▶ _SUPPLIED INFORMATION_:
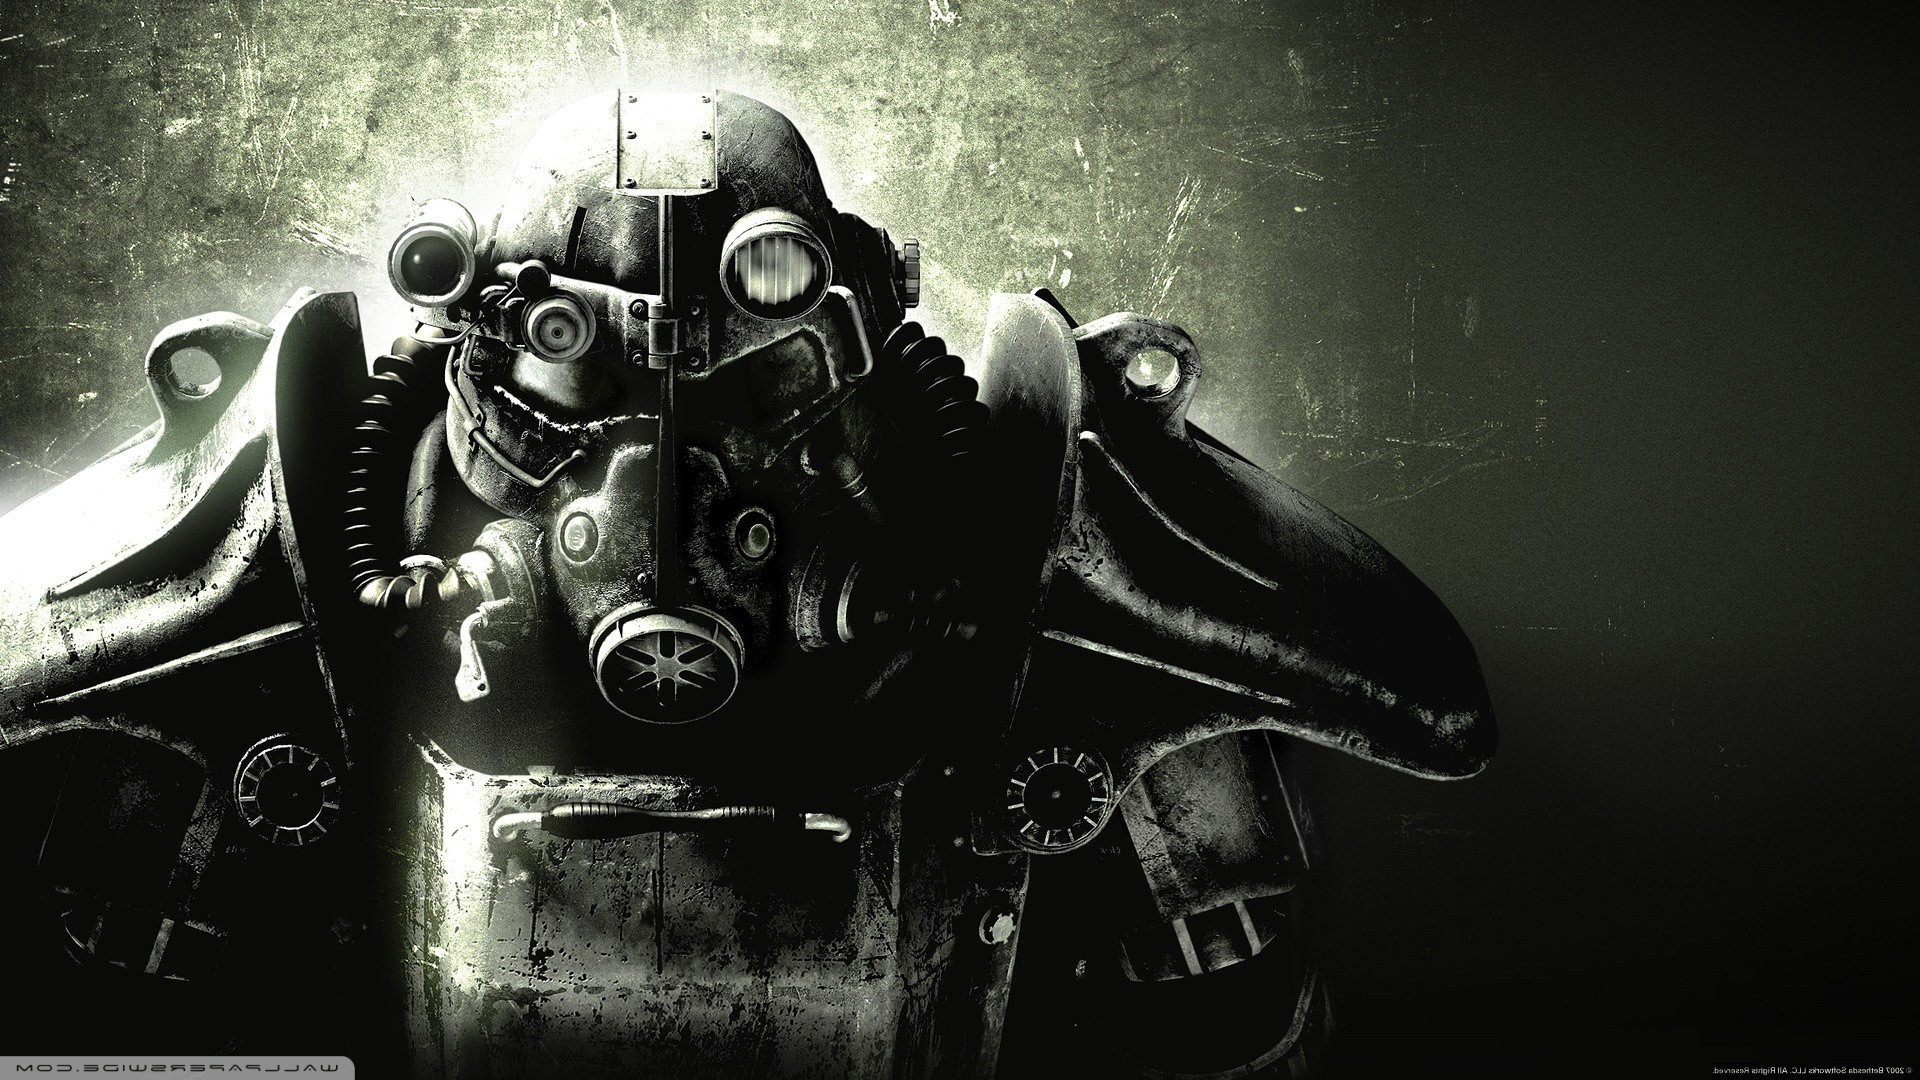 Fallout 3, Brotherhood of Steel
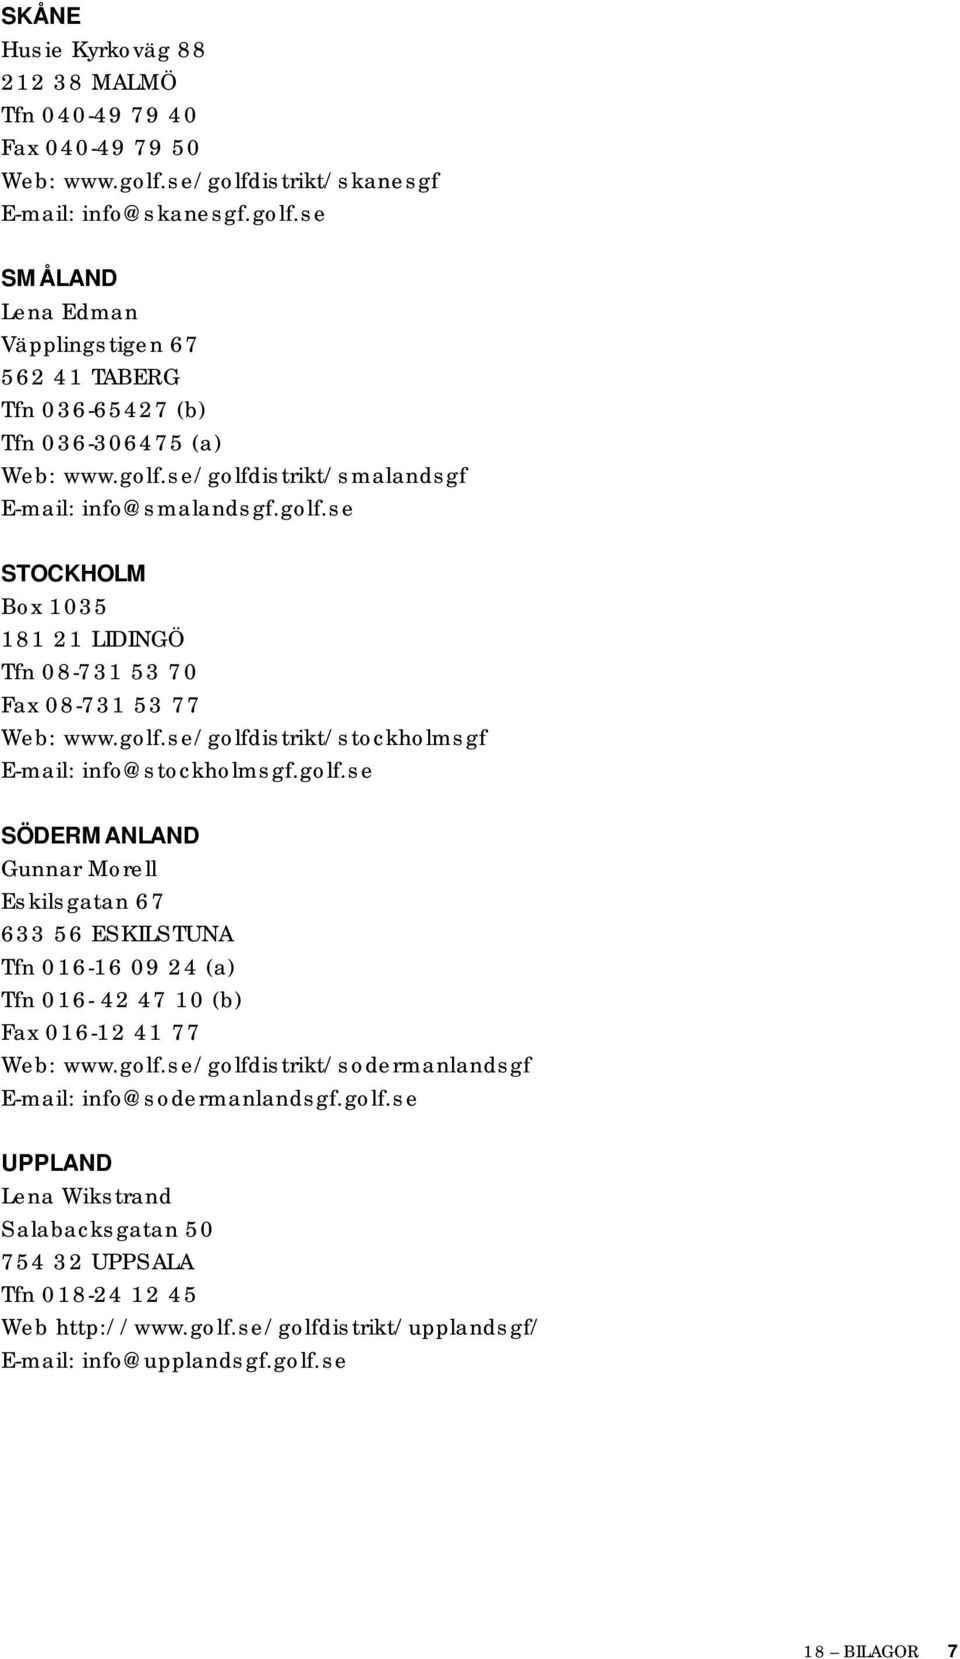 golf.se SÖDERMANLAND Gunnar Morell Eskilsgatan 67 633 56 ESKILSTUNA Tfn 016-16 09 24 (a) Tfn 016-42 47 10 (b) Fax 016-12 41 77 Web: www.golf.se/golfdistrikt/sodermanlandsgf E-mail: info@sodermanlandsgf.
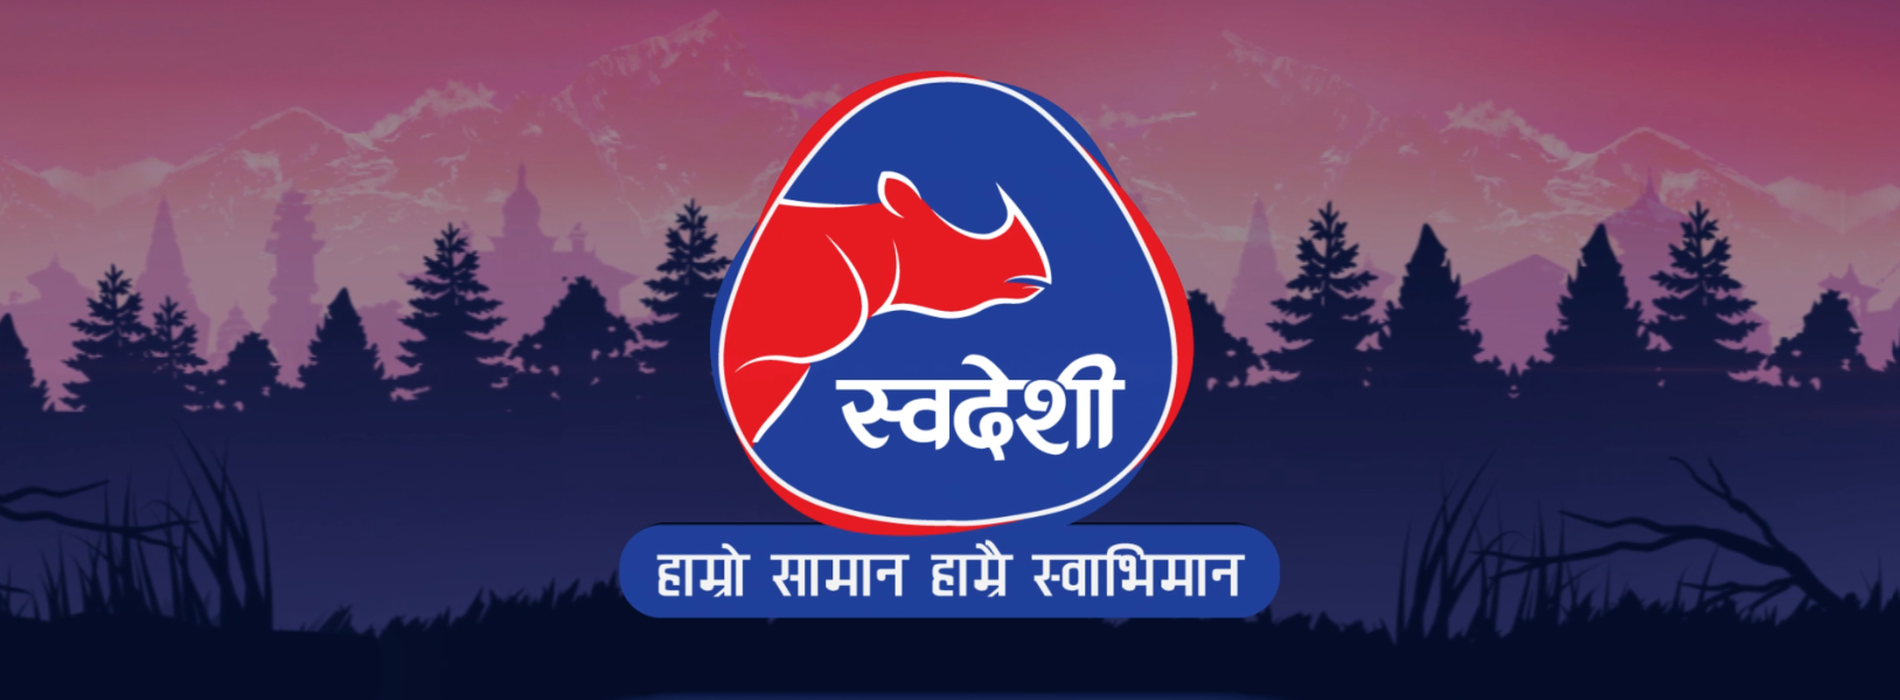 Swadeshi Campaign

▶ _PROBLEM_:
All that is needed is the span from the line with "golf.se SÖDERMANLAND Gunnar" through the last line of the material above, reproduced exactly and free of pictures.

▶ _RESULT BELOW_:
 golf.se SÖDERMANLAND Gunnar Morell Eskilsgatan 67 633 56 ESKILSTUNA Tfn 016-16 09 24 (a) Tfn 016-42 47 10 (b) Fax 016-12 41 77 Web: www.golf.se/golfdistrikt/sodermanlandsgf E-mail: info@sodermanlandsgf.
 Swadeshi Campaign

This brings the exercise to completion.